Neural network can be used in classification and regression problems, but the activation function of the output layer needs to be changed according to the situation. Generally speaking, the regression problem uses the identity function and the classification problem uses the softmax function.

##### 6. Identity function and softmax function

Figure 3-12 shows the softmax function

Figure 3-12

softmax function is the output function, and each neuron in the output layer is affected by all input signals. In order to prevent overflow, we improve it to figure 3-13. C 'is usually set to the maximum value of semaphore, that is, the largest one in ai.

Figure 3-13

Realize it with code

import numpy as np def softmax(a): c = np.max(a) exp_a = np.exp(a-c) sum_exp_a = np.sum(exp_a) y = exp_a/sum_exp_a return y a = np.array([0.3,2.9,4.0]) y = softmax(a) print(y) print(np.sum(y))

The running result of this code is shown in Figure 3-14

Figure 3-14

As shown above, the output of the softmax function is a real number between 0.0 and 1.0. Moreover, the sum of the output values of the softmax function is 1. The output sum of 1 is an important property of softmax function. Because of this property, we can interpret the output of softmax function as "probability".

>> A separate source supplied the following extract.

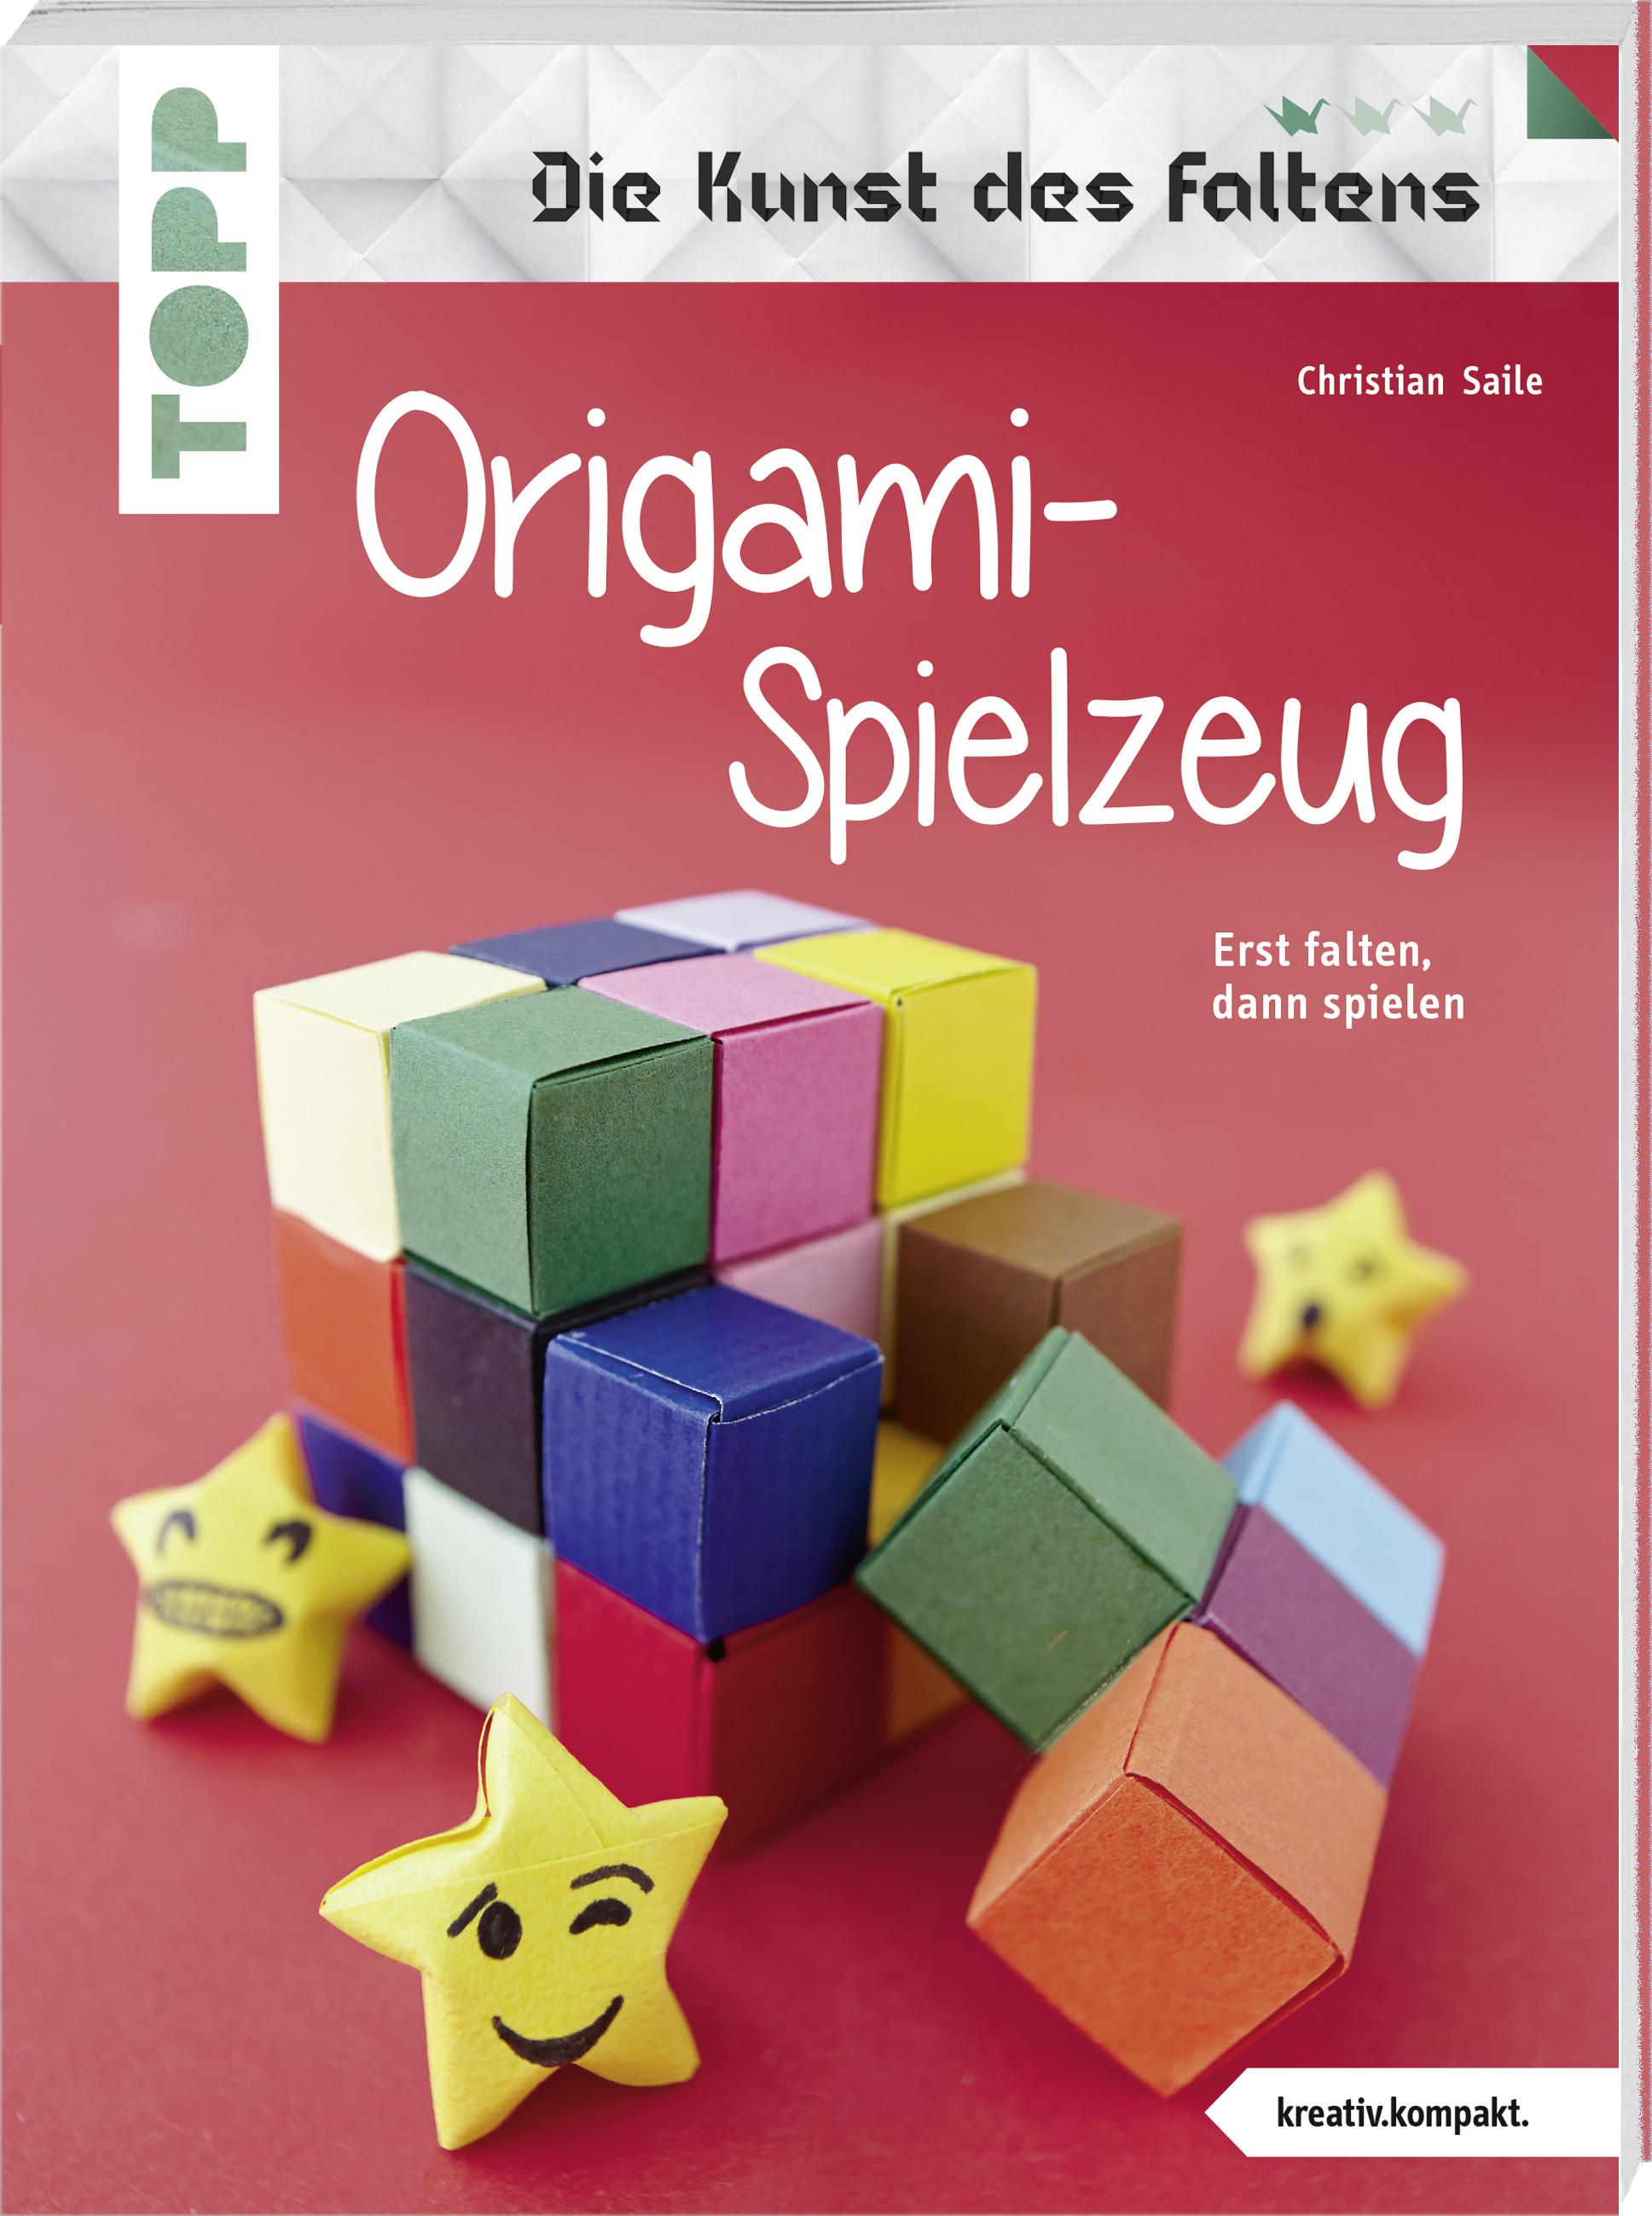 Origami Spielzeug Die Kunst Des Faltens Kreativ Kompakt

Even if the softmax function is used, the size relationship between elements will not change. This is because the exponential function (y = exp(x)) is a monotonically increasing function.

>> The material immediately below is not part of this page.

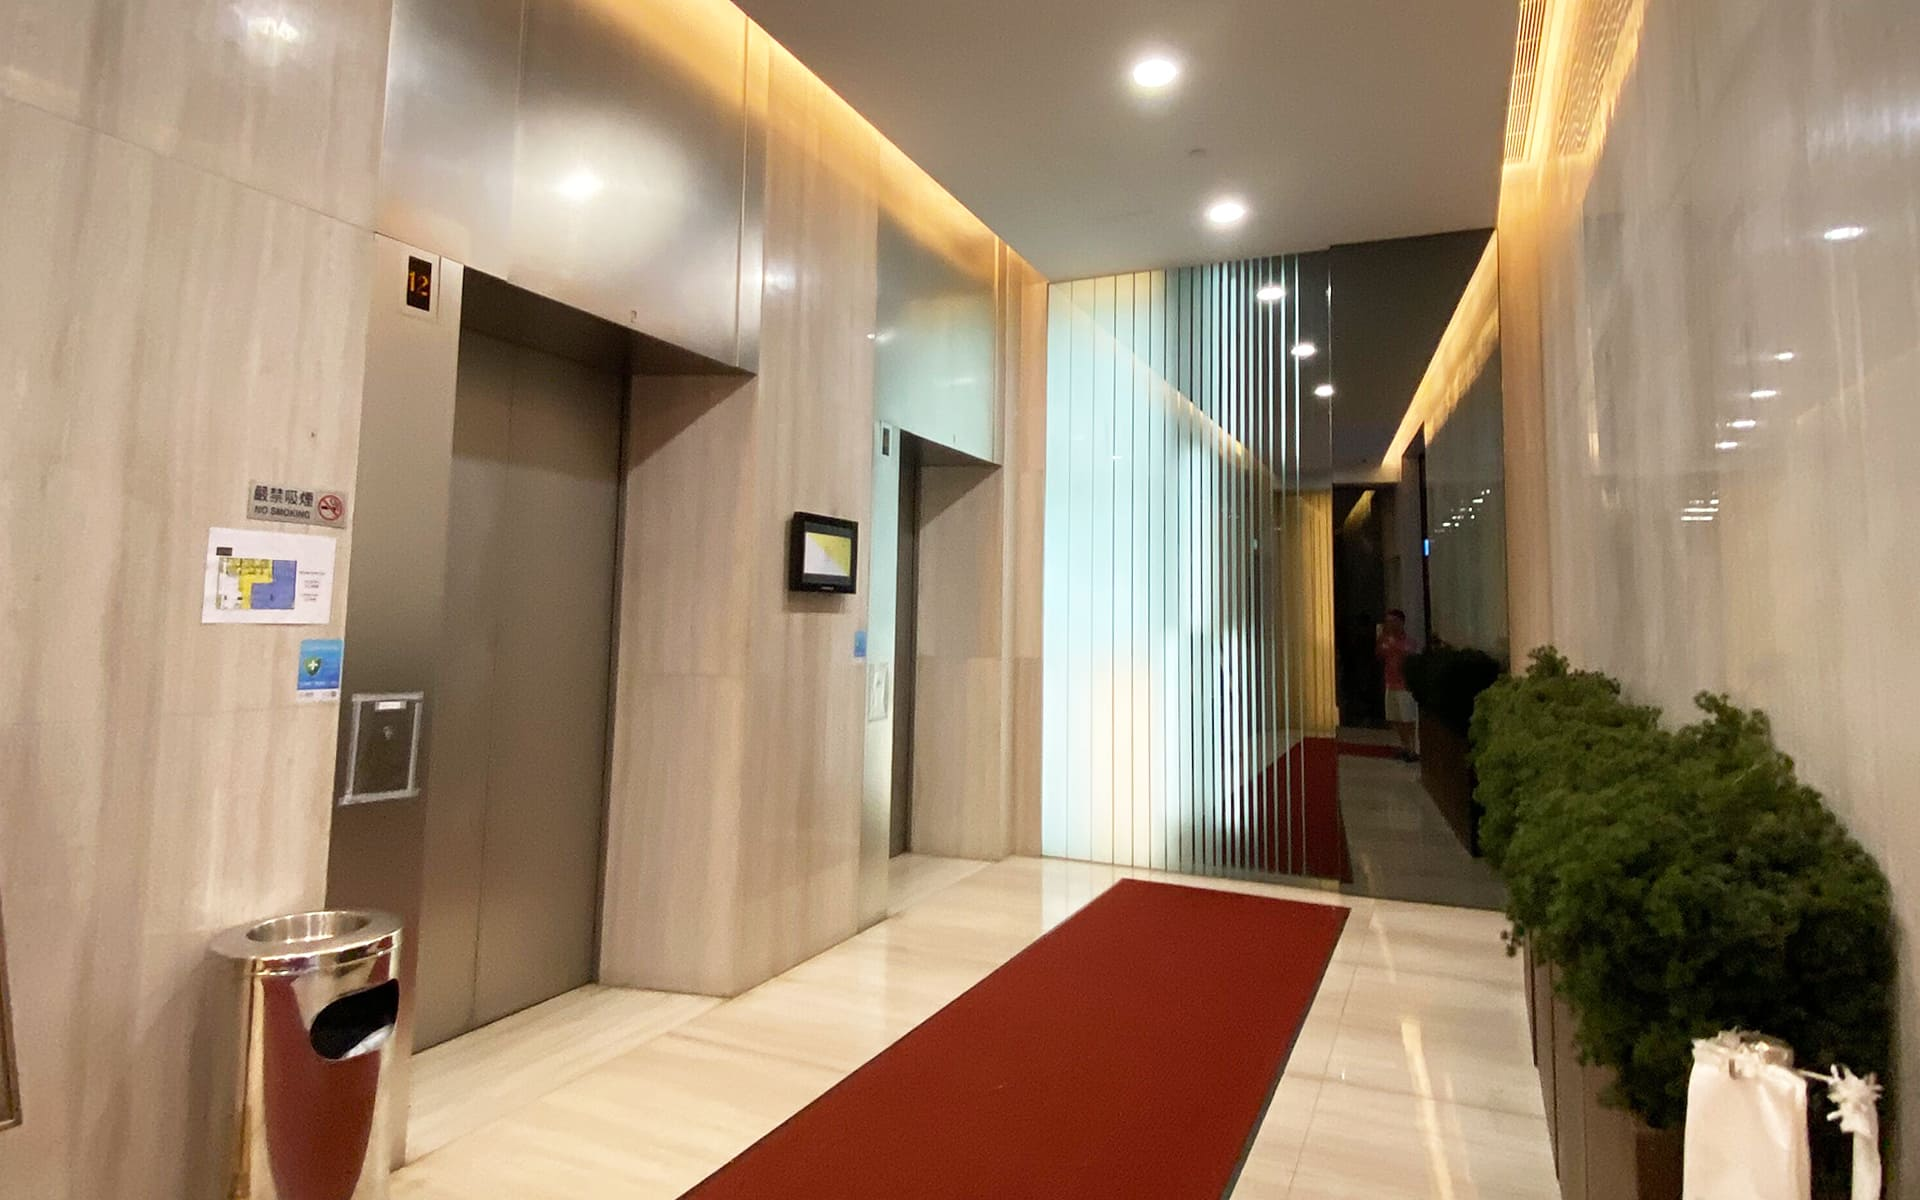 hk_service_apartment_5324480981589447075.jpg

The steps of solving machine learning problems can be divided into "learning" A and "reasoning". Firstly, the model is learned in the learning stage, and then in the reasoning stage, the learned model is used to reason (classify) the unknown data. As mentioned earlier, the softmax function of the output layer is generally omitted in the reasoning stage. Softmax function is used in the output layer because it is related to the learning of neural network.

The number of neurons in the output layer is generally the same as the number of categories for classification problems.